I am currently working a lot with RIPE Atlas and recently wanted to use the anchors and their mesh measurements in particular. I wanted to answer two simple queries:
1. Get a list of all active anchors 2. Get a list of all active anchor mesh and probe measurements (traceroute, for my particular use case)
However, while trying to answer these queries, I stumbled upon quite some inconsistencies, depending on which interface / API is used. As far as I can tell there are four ways in which one could technically answer query 1:
Going forward, the API is going to be the absolute source of truth. In the (near) future the web content will be all based off the data from the API. We are aware of inconsistencies between the web content and the API but these will most likely not be fixed until we switch the pages over to using the API instead.
1. Look at the website: https://atlas.ripe.net/anchors/list/ -> 840 results 2. Query the /anchors API with attribute is_disabled = false: https://atlas.ripe.net/api/v2/anchors/?is_disabled=false -> 844 results 3. Query the /probes API with attributes is_anchor = true and status = 1 (Connected): https://atlas.ripe.net/api/v2/probes/?is_anchor=True&status=1 -> 729 results 4. Query the /probes API with attributes tags = system-anchor and status = 1 (Connected): https://atlas.ripe.net/api/v2/probes/?tags=system-anchor&status=1 -> 729 results
Methods 3 and 4 are actually consistent!
The anchor tag is based on the value of is_anchor so these should indeed be identical.

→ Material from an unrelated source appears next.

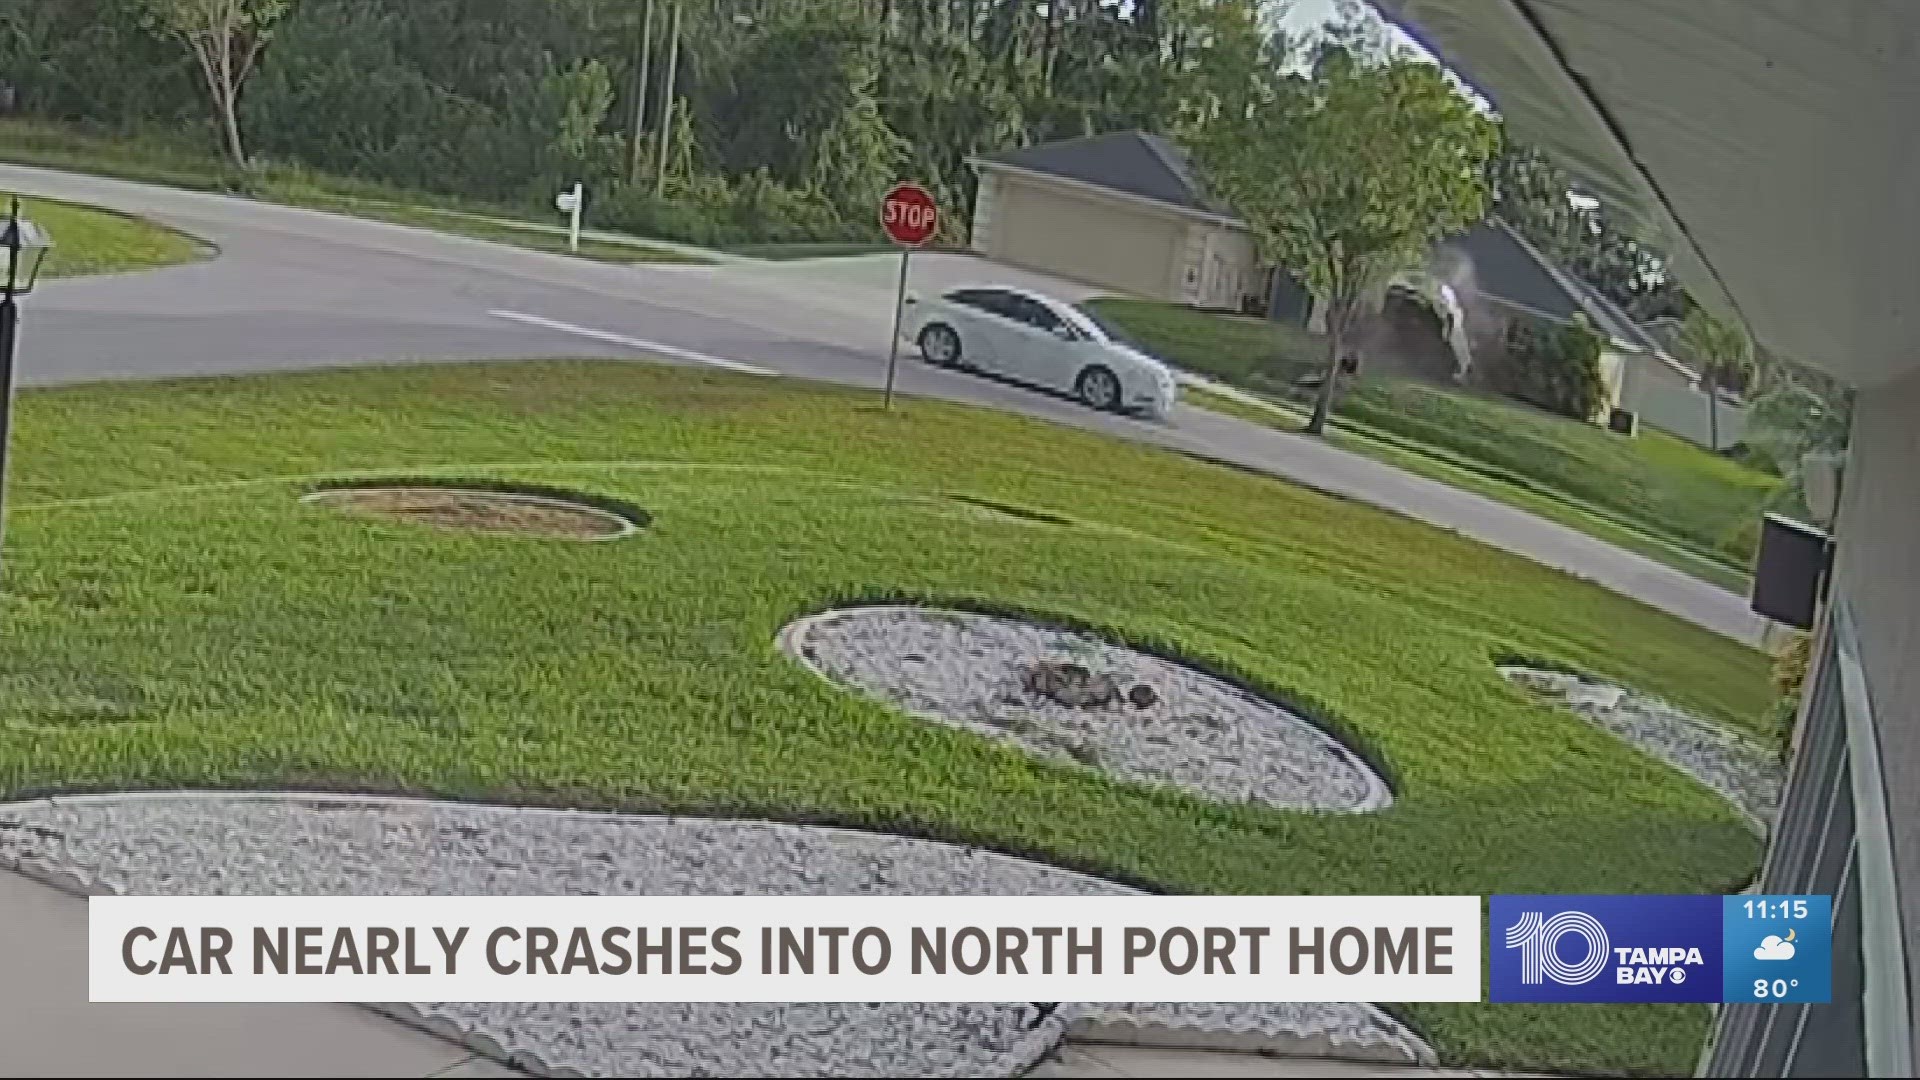 It happened while the homeowner was filming and has since gone viral on TikTok.

The main discrepancy is between the /anchors and /probes API: 116 anchors that are listed on the webpage and/or /anchors API as ‘active’ are inactive (97 abandoned; 19 disconnected at time of writing) according to their respective /probes entry.
Active and Inactive are anchor data points while connected/abandoned are probe data points. This means in short that anchors can be active while the probe is considered abandoned. We are rethinking the whole connected/disconnected and abandoned terminology but for now these will be different concepts.
I understand that disconnects might be temporary, but some anchors seem to be inactive for years (at least according to their status) and are still listed as active.
It does make sense to mark an anchor as inactive when the probe becomes abandoned so I will implement that soon. This will make the results a little more predictable and logical.
I have attached a text file with some notes that go deeper into the differences, but might be hard to read.
For query 2, I faced a similar situation:
1. Look at the website: https://atlas.ripe.net/anchors/list/full/ Anchoring Mesh IPv4: 840 Anchoring Mesh IPv6: 739 Anchoring Probes IPv4: 840 Anchoring Probes IPv6: 705 Total: 3124 2. Query the /anchor-measurements API Anchoring Mesh IPv4: 849 Anchoring Mesh IPv6: 743 Anchoring Probes IPv4: 902 Anchoring Probes IPv6: 753 Total: 3247 3. Query the /measurements API with attributes status = 2 (Ongoing), type = traceroute and corresponding attributes: Anchoring Mesh IPv4: af = 4; tags=anchoring,mesh Anchoring Mesh IPv6: af = 6; tags=anchoring,mesh Anchoring Probes IPv4: af = 4; tags=anchoring,probes Anchoring Probes IPv6: af = 6; tags=anchoring,probes For example: https://atlas.ripe.net/api/v2/measurements/?status=2&type=traceroute&af=6&tags=anchoring,probes Anchoring Mesh IPv4: 1026 Anchoring Mesh IPv6: 902 Anchoring Probes IPv4: 668 Anchoring Probes IPv6: 619 Total: 3215
These results are even more mixed:
- Tags can be inconsistent: Some measurements have none, some have the ‘probes’ or ’mesh’ tag, but miss the ’anchoring’ tag.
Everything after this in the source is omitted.